Dendritic pyrolucite

Sometimes, when finding fossils in flaggy limestones, the bedding is subject to different forms of mineralization. This pterosaur fossil in the Natural History Museum, London, has a formation of black Manganese dioxide - MnO2 (Dendritic pyrolucite) forming crystal structures around the fossil bones. This is quite common in these Bavarian specimens, though they are not very frequently seen beyond the storage rooms of museums.

Pyrolucite - MnO2 is used in Zinc Oxide dry cell batteries as an oxidising agent. This is a stable compound formed in nature from unstable ions. It can be reduced to Manganese oxide MnO with the addition of Hydrogen.

In the Fossils, the dendrites of Pyrolucite grow away from the fossil bones, along the bedding plane of the sediment, forming a fern like pattern on the rock.

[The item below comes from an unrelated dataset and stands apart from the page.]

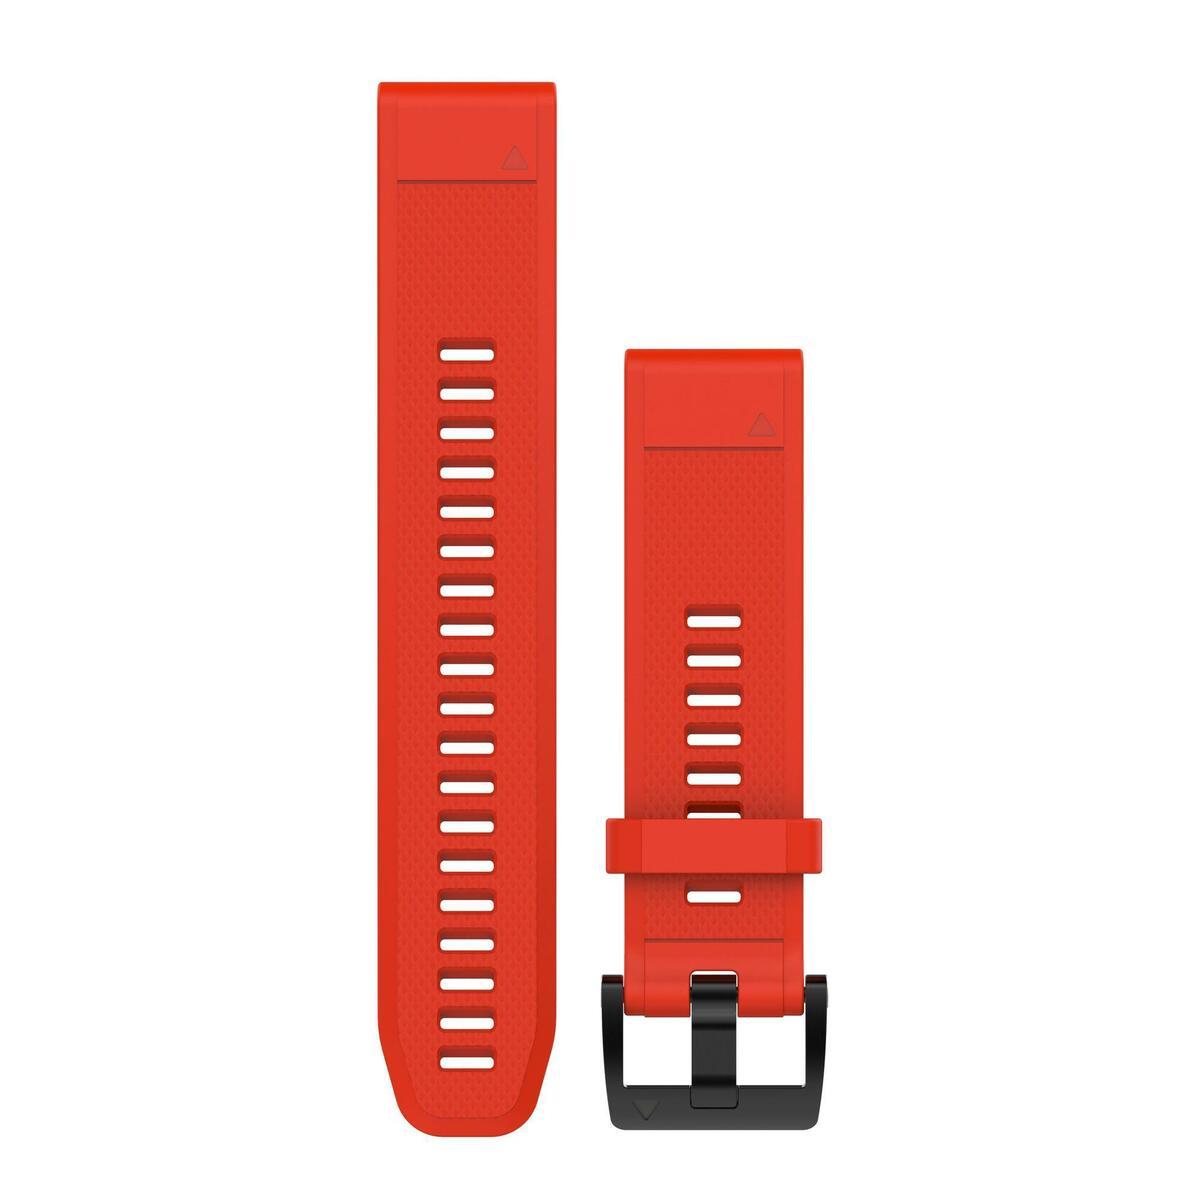 Bild 1 von Uhrenarmband für GPS-Uhr Fenix 5 rot Breite 22 mm

The crystals are orthorhombic in form and have a hardness of 2. Excessive contact will result in staining to the fingers and the mineral has a streak colour like graphite. This crystal formation is a result of ions carried in water which is forced through the sedimentary beds during the later stages of rock formation. The fluid is forced through the rock bedding planes where it will deposit materials in cavities and structures within the rock. When the hardening sediments are under pressure stress, the areas around impurities, like fossils and hard mineral grains will form micro cavities within the nearby sediment which allows deposition of crystals. The dendritic solidification of MnO2 around the fossil is a reflection of the sedimentary stress patterns and this is seen as a series of frond like patterns emanating from the bones. Quite often, the deposition is greater on one side of the fossil, or in some cases near a small area or part of a fossil. The example shown in the photograph is an extreme case.